Naimon (second from left) poses with the villagers in Xinjiang.Photo provided to China Daily |
"They were very hospitable," he says, sitting at a coffee table in China Daily's offices in Beijing. "They were very interested in me and my stories about being on the road."
All people but one in the village were Uyghurs, he says, the children spoke better Mandarin than the adults and the elderly could communicate with him only with body language.
"It's a fantastic experience. When I came across a difficulty, people helped me out. Nothing was better than making friends with the local people in that village.
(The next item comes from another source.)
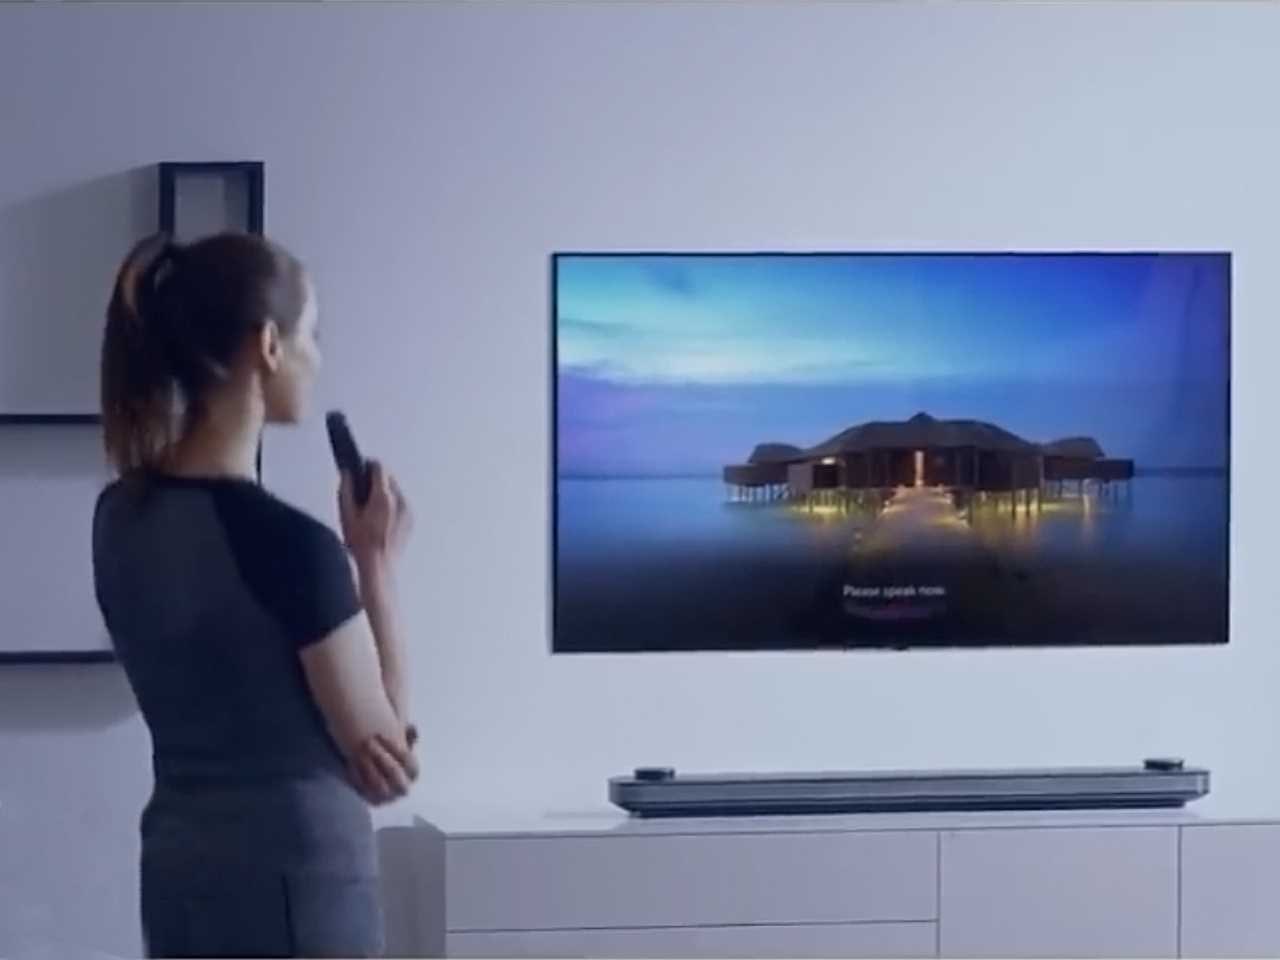 LG анонсировала усовершенствованный телевизор LG OLED W8 с невероятным процессором Альфа 9 и функцией искусственного интеллекта

I realized one of the goals for this motorbike trip."
Another goal he realized was to ride a motorcycle from East China to the most western city of Kashgar.
He is attracted to China's countryside, he says, given that "big cities ... look similar to each other".
It all started four years ago when Naimon, then 15, who could not speak a word of Chinese came to study at a high school in Beijing.
For more than a year he stayed with a Chinese family and studied at a high school, and soon he spoke better Mandarin than most foreign Chinese learners. In June he won the Jiangsu Cup, a Chinese-language speech contest in Nanjing.
When he was studying in Beijing four years ago, he says, he lacked the money to travel to big Chinese cities, and preferred to spend his holidays in the countryside around Beijing and in Yunnan province in the south and Gansu province in the west.